# I want to enlist into the Military.



## Free-Flow (Mar 10, 2011)

I'm tired of college I need to escape and the military has always been something I've wanted to do as a kid. I'm kind of confused on what service to join though, I don't have any ideas of epic grandeur serving as some secret squrriel in some top secret task force.
 Although I am interested in SOF, I just want to serve and fight. Can anyone point me in the right direction?

 Forgive my naivety if that's how I come off..


----------



## fox1371 (Mar 10, 2011)

The only advice that I can give, is do a lot of research.  Find something you're passionate about and pursue it.


----------



## Marauder06 (Mar 10, 2011)

Decide what type of thing you want to do, then we can probably help you narrow down a branch of service and a specialty.  What kinds of things are you good at, what do you enjoy?  Are you looking career or short term?


----------



## Headshot (Mar 10, 2011)

Stay in school, get your degree, then join the Air Force.


----------



## Free-Flow (Mar 10, 2011)

Marauder06 said:


> Decide what type of thing you want to do, then we can probably help you narrow down a branch of service and a specialty.  What kinds of things are you good at, what do you enjoy?  Are you looking career or short term?


Well I've always been involved in athletics and I've always loved shooting since I was a kid, and I go stir crazy very quickly. I always have to be on the move. I'm not sure about making it a career or not.



Headshot said:


> Stay in school, get your degree, then join the Air Force.

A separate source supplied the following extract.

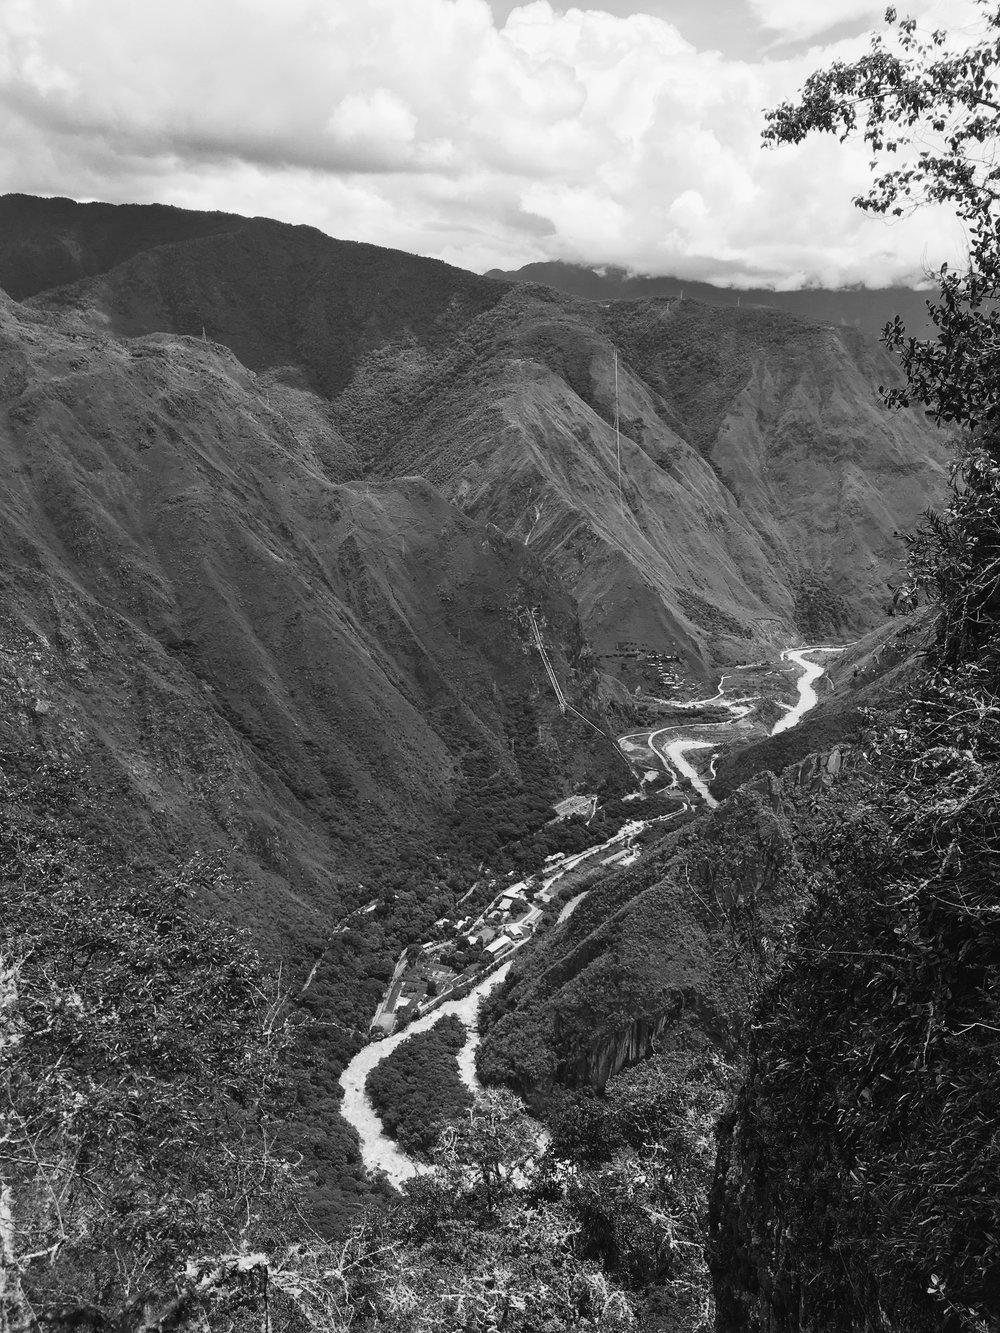 Vista do Rio Urubamba e a usina Hidroelétrica no caminho para a Ponte Inca -iPhone 6 SE + VSCO CAM app

I'm not too sure about that lol


----------



## Diamondback 2/2 (Mar 10, 2011)

You should finish school.


----------



## Free-Flow (Mar 10, 2011)

JAB said:


> You should finish school.


I've heard that a lot, but to be honest I feel pretty miserable in school. I feel like I could be doing something more. Something with more meaning and more gratifying.


----------



## x SF med (Mar 10, 2011)

Free  Flow--  MAKE UP YOUR OWN F*CKING MIND.  Quit whining about it and do something.
If you are in college, it's no wonder you are miserable - it appears you have no focus.
Yes, they call me wiener licker for a reason...


----------



## Diamondback 2/2 (Mar 10, 2011)

In today’s military you need a degree to be a grunt; you might rethink the idea that walking away from an education and joining the military will benefit you in the long run. Promotions, advancement, special units all want educated people. What if you join the military and learn you hate it more than being in school? Stick with your education, suck it up and push through these hard times and it will serve you better down the road when you do join the military. Accomplish one task at a time, 25 meter target and all that good stuff…


----------



## Free-Flow (Mar 10, 2011)

JAB said:


> In today’s military you need a degree to be a grunt; you might rethink the idea that walking away from an education and joining the military will benefit you in the long run. Promotions, advancement, special units all want educated people. What if you join the military and learn you hate it more than being in school? Stick with your education, suck it up and push through these hard times and it will serve you better down the road when you do join the military. Accomplish one task at a time, 25 meter target and all that good stuff…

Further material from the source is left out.